# Synching up



## MarkW (Feb 16, 2015)

Today's odd question:

It is not unknown for an occasional soloist (usually an opera singer, but I suppose it has happened in concerti) to accidentally slip a cog and get a measure or two, or a phrase, ahead of the orchestra. How do they meet up again? How does a conductor signal what to do? Do players sense this on their own and self-correct? How long does it take? How audible is it, given that many listeners are only sort of paying that kind of attention?

Personal experiences welcome.


----------



## UniversalTuringMachine (Jul 4, 2020)

MarkW said:


> Today's odd question:
> 
> It is not unknown for an occasional soloist (usually an opera singer, but I suppose it has happened in concerti) to accidentally slip a cog and get a measure or two, or a phrase, ahead of the orchestra. How do they meet up again? How does a conductor signal what to do? Do players sense this on their own and self-correct? How long does it take? How audible is it, given that many listeners are only sort of paying that kind of attention?
> 
> Personal experiences welcome.


I haven't seen this happening in my concert-going experiences, world-class soloists could be a bit ahead (if they are really good) but he/she only needs to cue the conductor or the orchestra to catch up (by looking at them). In opera, there are difficult sections in which the singer could be a bit behind but a world-class orchestra can adjust for that.

It's definitely audible if you are a veteran listener and are familiar with the work and have an internal beat in your mind. It's important to listen to high-quality recordings in which the rapport is almost perfect to understand how intuitive that feels like. You also have to pay close attention to what's going on (it's very important) but you have to feel the beats first.
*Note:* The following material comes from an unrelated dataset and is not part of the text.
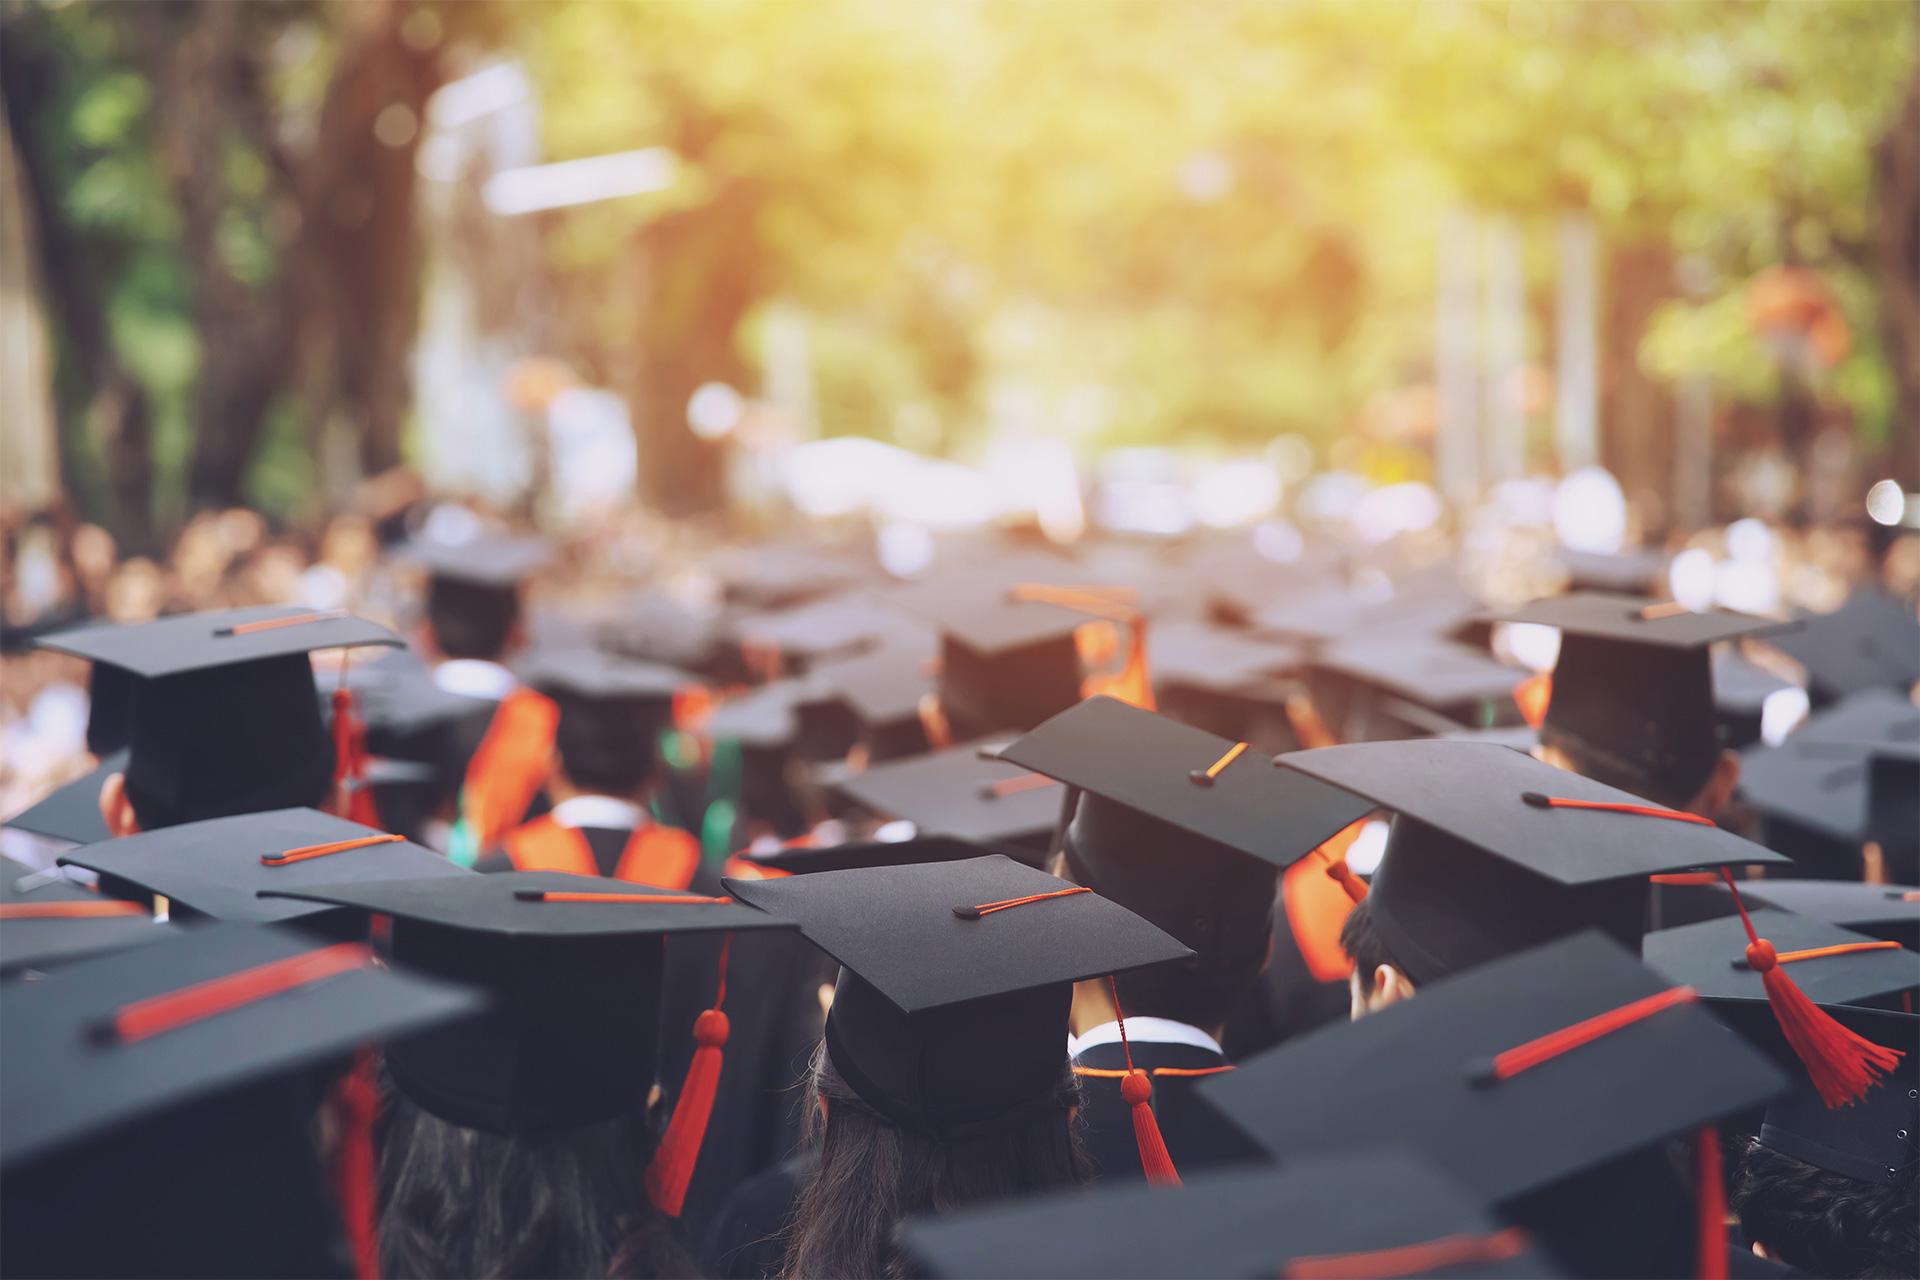 backside graduation hats during commencement success graduates o

I am aware that the Chopin competition winner Yundi Li made a blunder in South Korea when playing Chopin's 1st Concerto and they had to restart the entire thing. It was a disaster but I think this is extremely rare.


----------



## Heck148 (Oct 27, 2016)

This happens at times, esp with Broadway shows, or opera excerpt programs....
"Follow the soloist," is the prime directive....if he/she skips 2 measures, or leaves out lines, then everybody must adjust....the conductor is responsible, but often the musicians will fix it themselves...but you "go with the stick"....if you still have 2 measures to go before entering, and the conductor gives you a definite (frantic!! lol!!) cue, then you come in, regardless of your count..."follow the soloist".
Years ago, i wad playing the traveling production of "1776"....the lead playing John Adams, didn't read music, he learned everything by rote....measures and beats of rest were most interesting!! It varied every performance....we eventually set up a betting pool on our favorite rest spot - how many beats will it be tonight?? Usually averaged between 4 -7, but sometimes only 2 or 3, and occasionally 8 or 9...we would just watch the conductor for the cue, he was on it...


----------



## mbhaub (Dec 2, 2016)

This happens and woe to the conductor who is unable to fix it...and do it without notice or making it worse. As it so happened, in last year's aborted season I participated in two concerts where the soloist - both pianists - messed up big time. The first was in the Rachmaninoff 2nd concerto. The conductor - an absolute virtuoso with the stick and having years of experience in the opera pit - very cleanly stopped the orchestra, let the pianist get it together and then skillfully brought the orchestra in at the next tutti. Only people who really knew the concerto well would have noticed much of a problem, although for orchestra players it sure raises your blood pressure. In the finale, a bassoonist (not me!) missed an entrance. The clarinets decided to go with the bassoon rather than the conductor and the rest of the orchestra - big mistake. But maestro worked magic and knowing the score quite well was able to cue sections and get it back together soon.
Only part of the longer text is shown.